Boite à outils équestreDans le catalogue de vente d’équipements pour le cavalier et le cheval, je regarde fascinée la multitude des outils magiques. Comment est-ce possible qu’il existe encore aujourd’hui des cavaliers ne parvenant pas à produire une équitation parfaite avec des chevaux parfaitement mis lorsqu’on voit la débauche créative de solutions qui s’offre à tous pour quelques euros seulement ?

Tous les mystères de l’équitation sont résolus : une martingale pour le mettre en place, un mors à pampilles pour le décontracter, avec branche et gourmette pour qu’il cède, une belle muserolle croisée pour qu’il garde sa langue dans sa bouche et ses impressions pour lui-même, des éperons à molettes pour qu’il ne perde pas impulsion et motivation, des gants pour ne pas se brûler les mains en gérant tant de légèreté si difficilement acquise, à picots les gants, comme les rênes en caoutchouc, pour assurer une bonne prise bien ferme mais confortable. Des taquets tout autour de la selle, pour être bien calé et pas dérangé par quelques mouvements inopportuns qui n’arriveront pas vu ce qui précède. Des cloches, des guêtres, des chasses-mouches, des bandes de travail, de repos, de polo, des couvre-reins, des couvertures d’écurie, de paddock, de pré, d’hiver, d’été, intégrales, imperméables, doublées, triplées, des séchantes, des couvre-reins, des anti-mouches, anti dermite estivale, anti-vol (?)… Si après tout ça Pompon n’est pas disponible au travail, c’est qu’il a dû être traumatisé par quelque chose de terrible dans son enfance !

La martingale ne convient pas ? Pas de problème, il y a des gogues, des rênes allemandes, des élastiques, que de choix dans le catalogue pour faire baisser la tête de Pompon. Sans compter qu’on peut tenter des associations pour plus d’originalité. Et pour le mors, un choix incroyable de formes, d’alliages, goût pomme, fraise des bois, foin des prés. Il résiste ? Changez de mors ! Il tire ? Changez de mors ! Il est contracté ? Changez de mors ! Il a mal aux dents ? Aucun problème : hackamors, bosal, bitless, licol à nœuds, sans nœud, à fleurs, à strass,… Sa fesse est fainéante ? Sticks, cravaches, chambrières aux couleurs chatoyantes, parfois même celle de la carotte, vont lui redonner le moral avec amour. Quoiqu’on vous vende, c’est pour son bien et pour régler SON problème.

Au milieu d’une orgie de longes de toutes les formes, couleurs matières, je trouve un objet unique : un « lien de communication » !!! Non, ce n’est pas une longe, c’est mieux c’est : « Un lien de communication ». C’est écrit noir sur blanc. Et voilà, maintenant nous sommes amis pour la vie, lui et moi. Des amortisseurs, génial, il n’aura donc plus jamais mal au dos même si son cavalier monte comme une patate !

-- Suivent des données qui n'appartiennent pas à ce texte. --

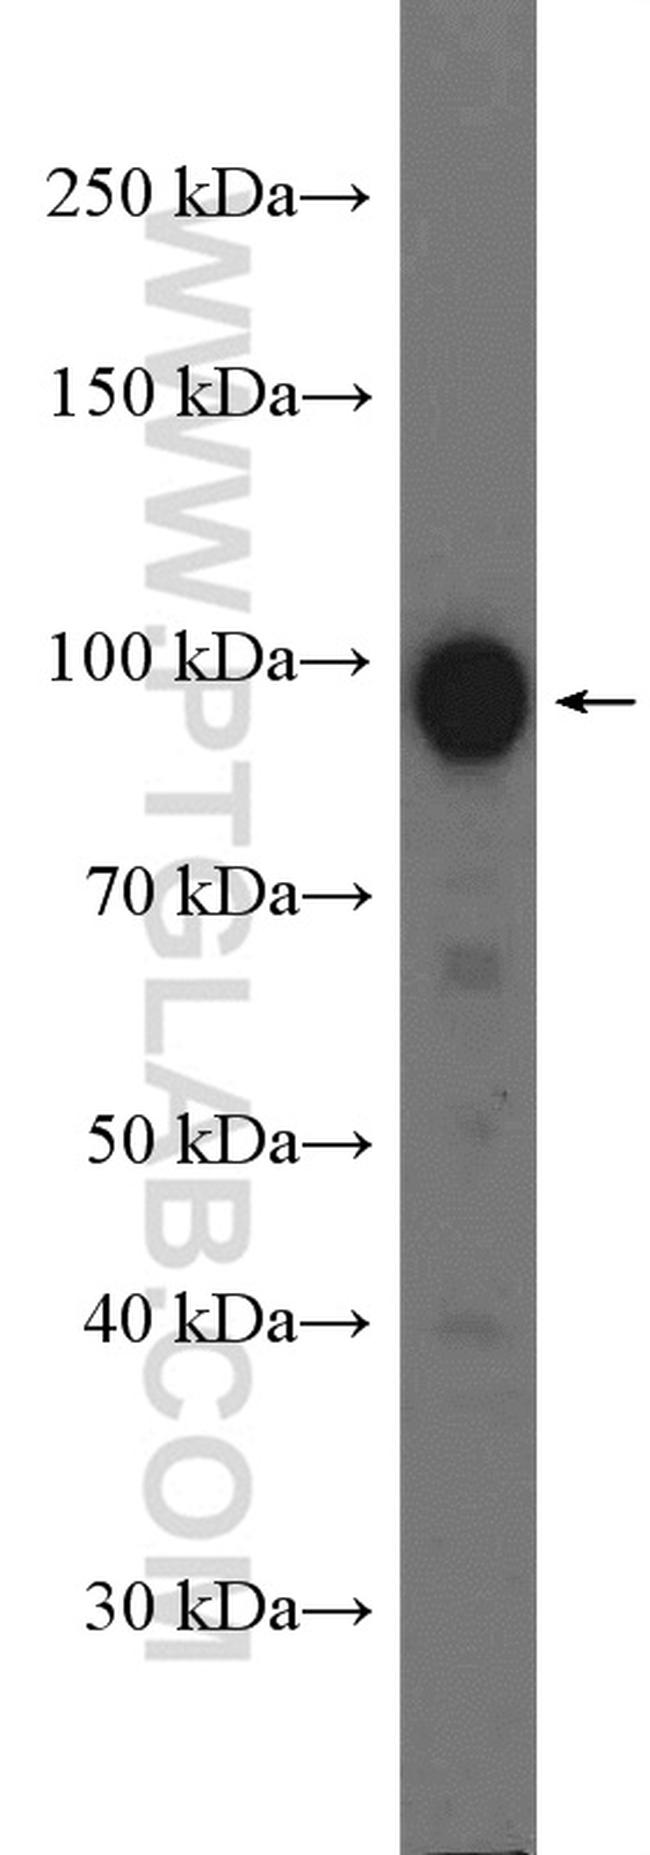 RALBP1 Antibody in Western Blot (WB)
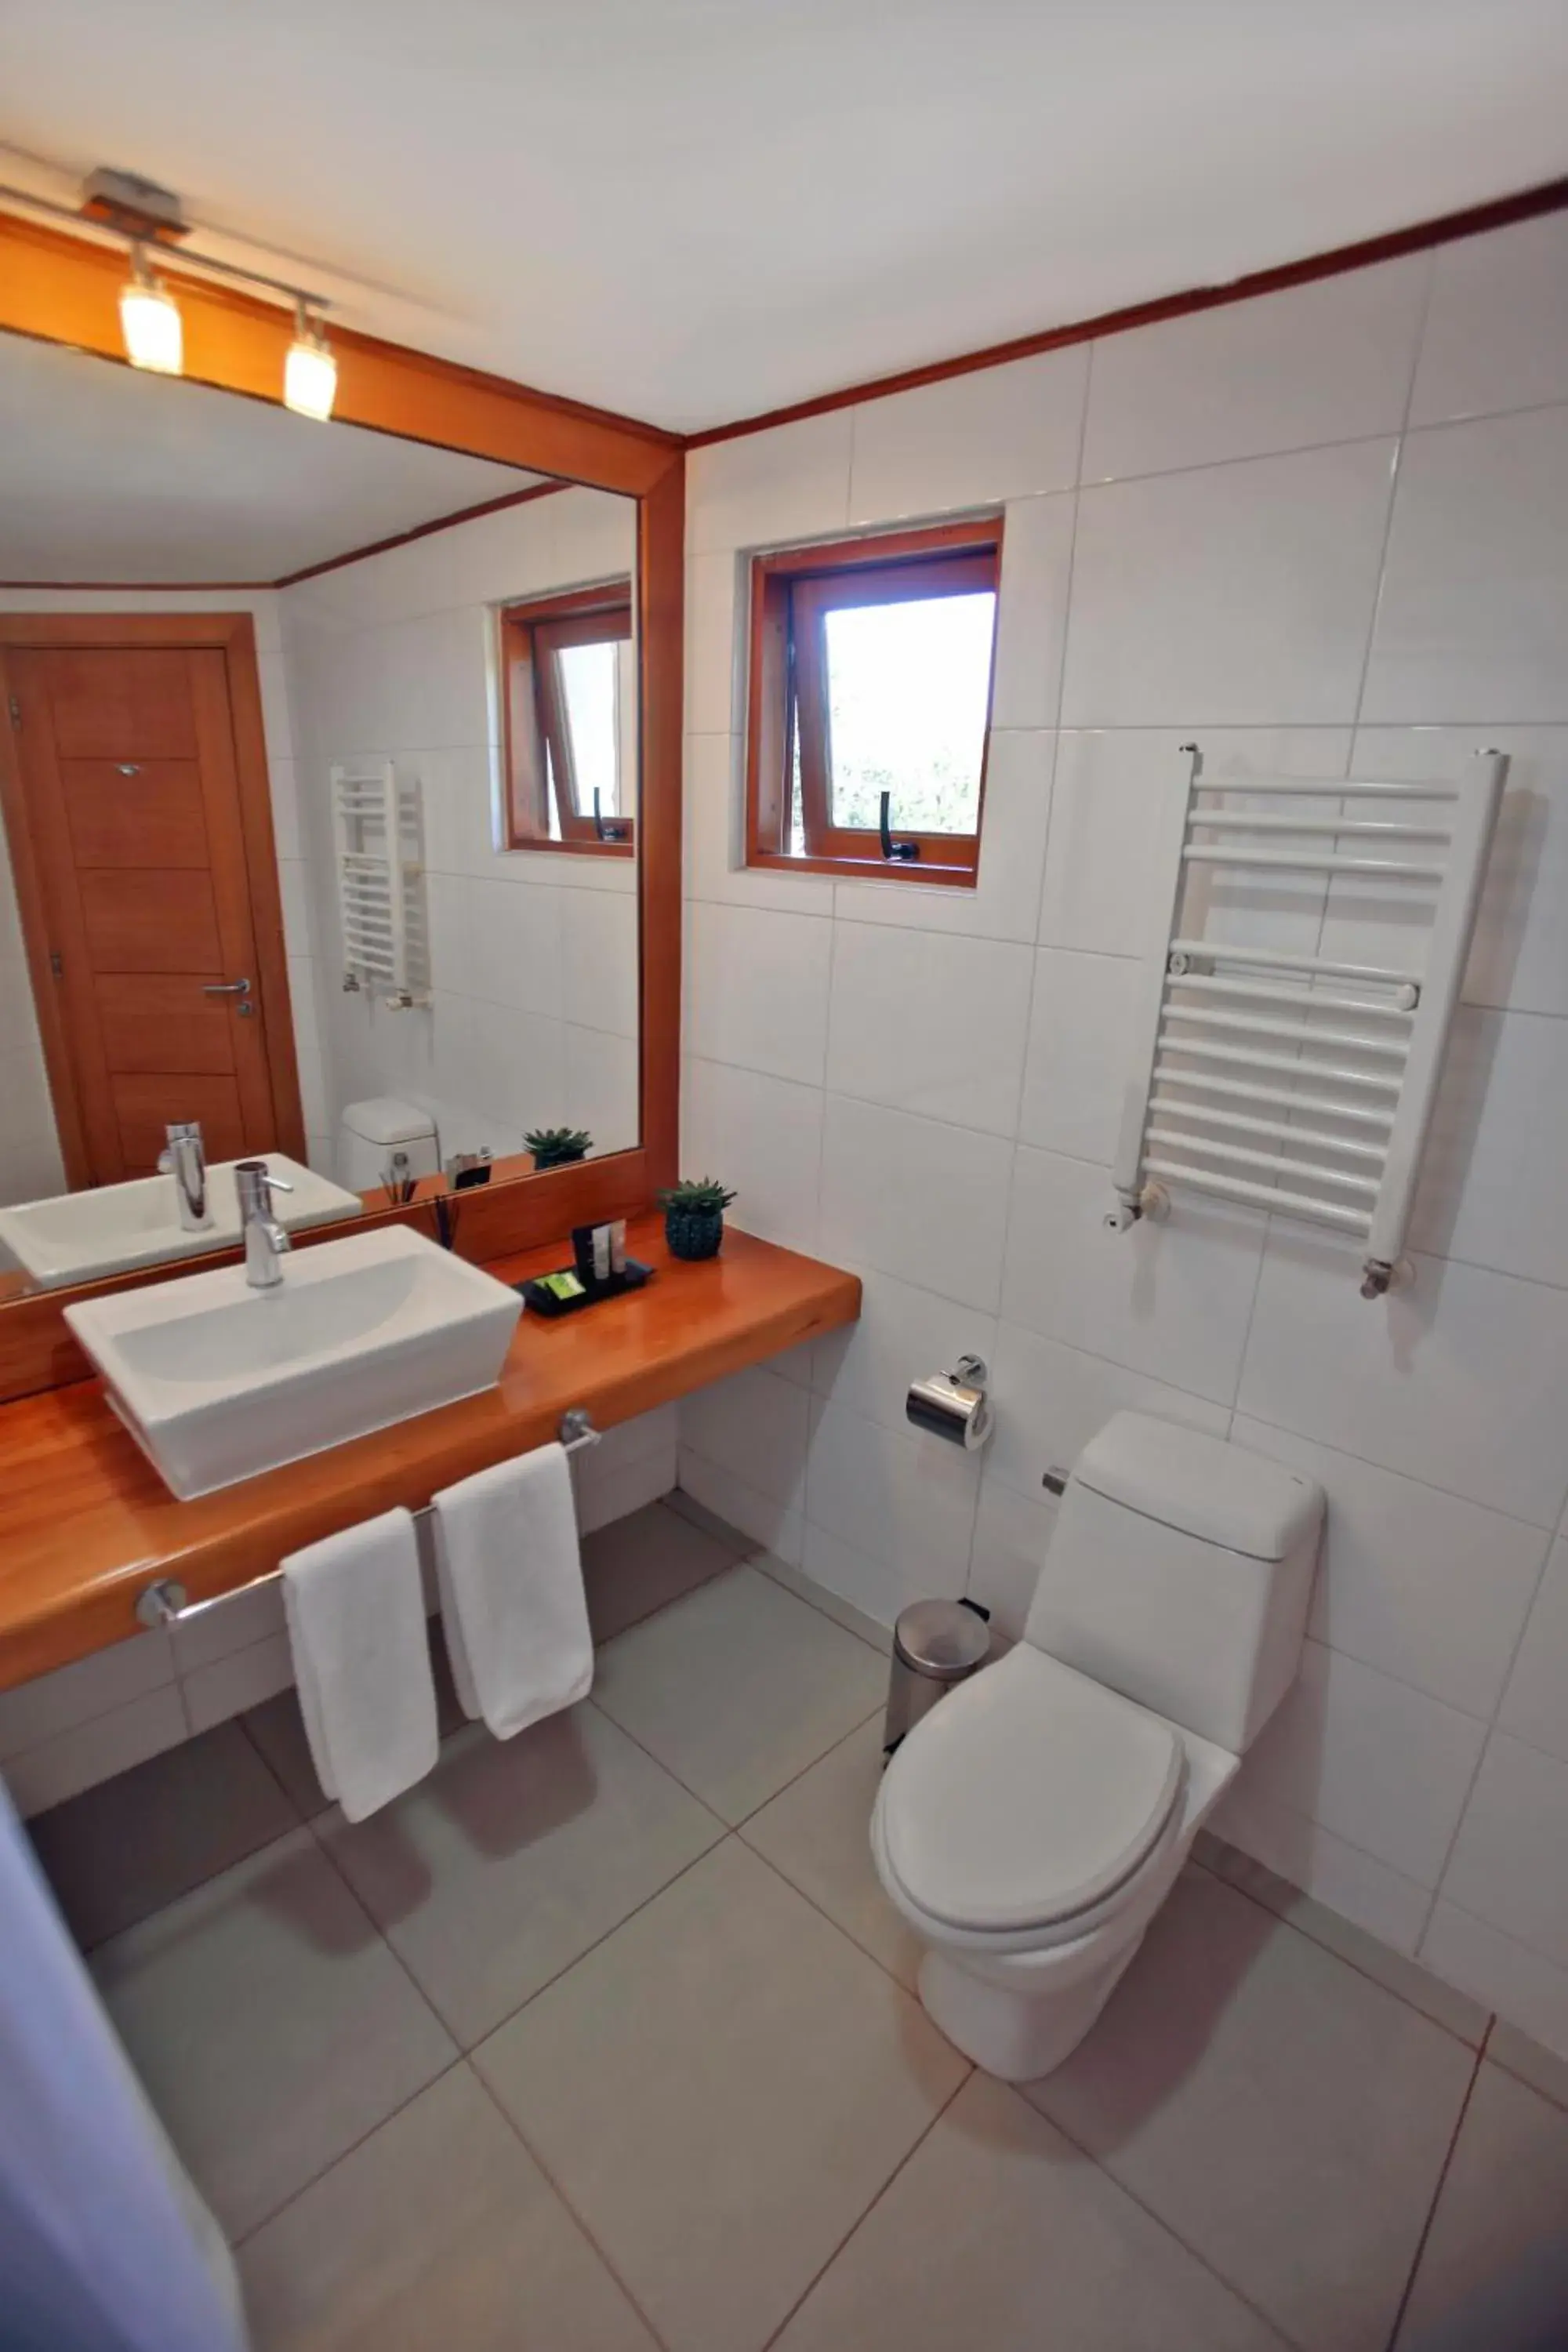 Bathroom in Hotel Puelche

Mais que se passe-t-il ? Encore les traumatismes du passé-sans-moi qui ressurgissent : il tique à l’air, à l’ours, il botte les murs, gratte le sol, mord les barreaux de son box ! Rien de bien grave en fait car voici un collier anti-tic à l’air, des entraves et quelques sédatifs, de quoi le rendre zen !

A la lecture de cette liste à la Prévert, où le mot « raton laveur » devient « éthologique » et retentit presque à chaque page, justifiant tout et n’importe quoi, comme une caution morale qu’on exhibe, je me dis que l’enjeu commercial piétine encore allègrement le travail indispensable que tout cavalier doit d’abord conduire sur lui-même.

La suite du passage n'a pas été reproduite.